*Data section*.
********

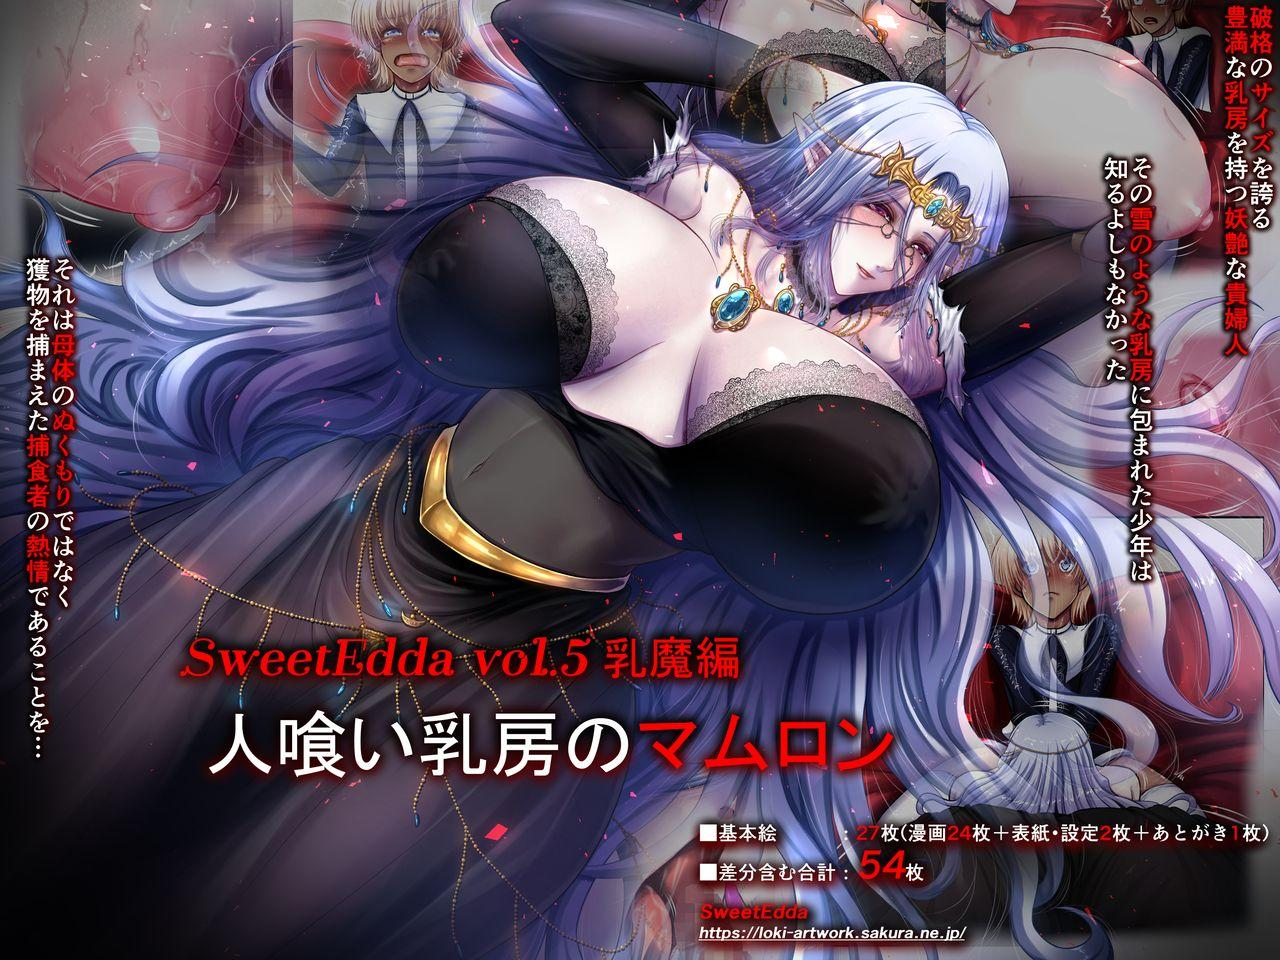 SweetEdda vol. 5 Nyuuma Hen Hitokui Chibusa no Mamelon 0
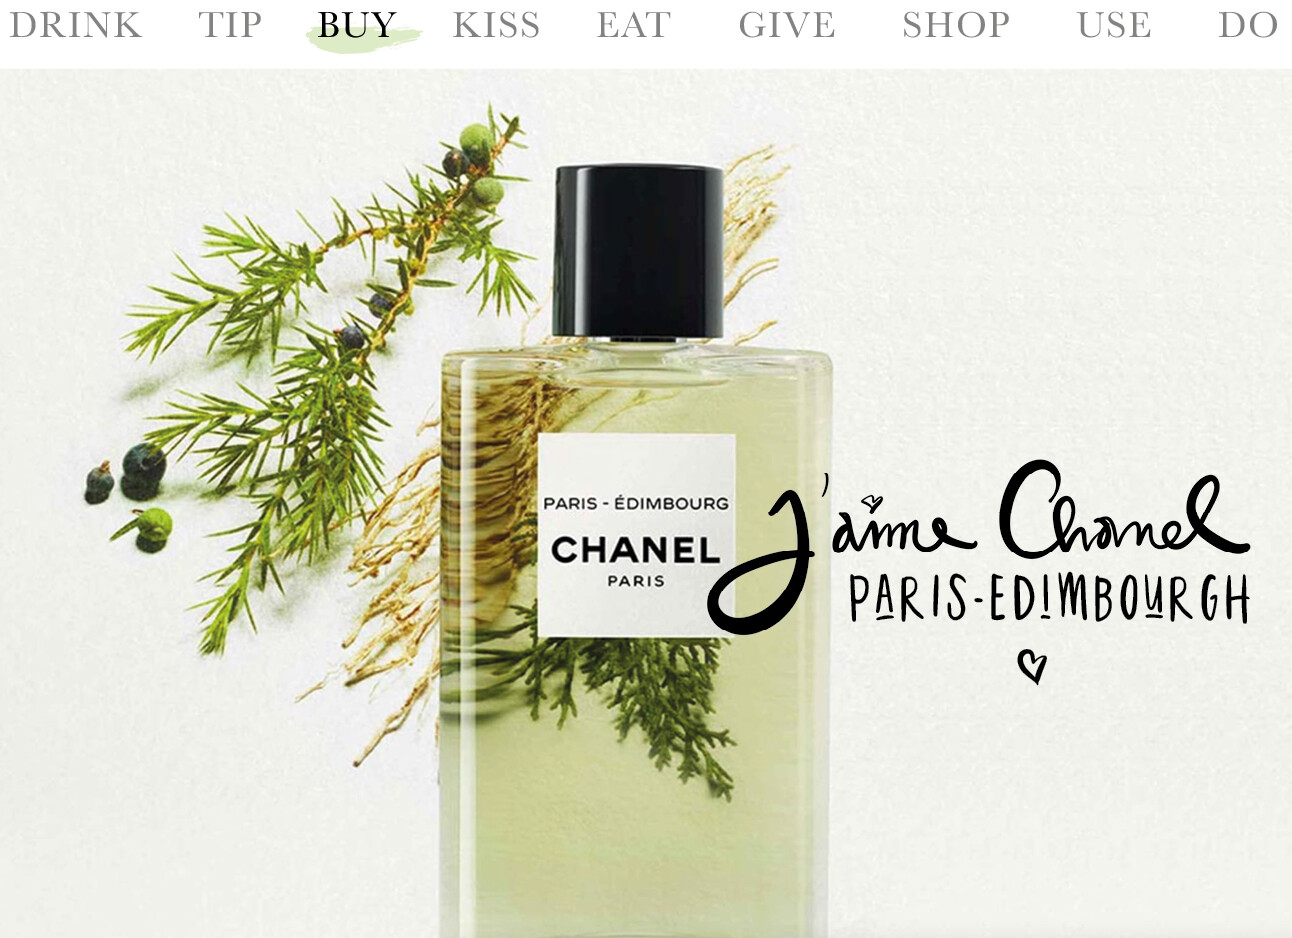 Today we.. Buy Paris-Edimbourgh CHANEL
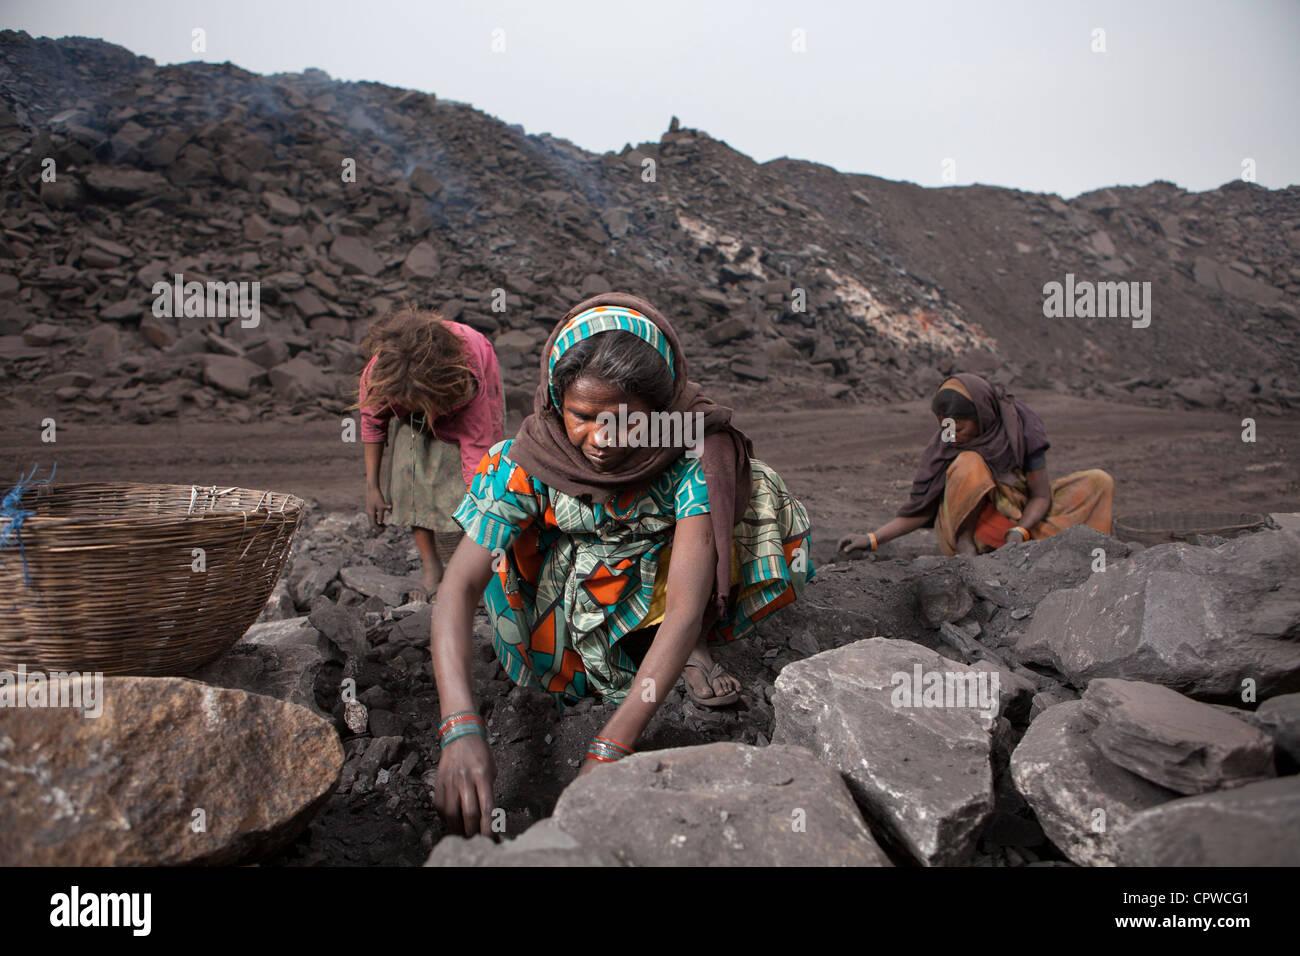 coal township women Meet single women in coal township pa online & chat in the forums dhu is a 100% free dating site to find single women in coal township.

********

*Aim of the exercise*.
Retype all the material word for word while skipping any picture it contains.

*Exercise solution*.
 SweetEdda vol. 5 Nyuuma Hen Hitokui Chibusa no Mamelon 0
 Today we.. Buy Paris-Edimbourgh CHANEL
 coal township women Meet single women in coal township pa online & chat in the forums dhu is a 100% free dating site to find single women in coal township.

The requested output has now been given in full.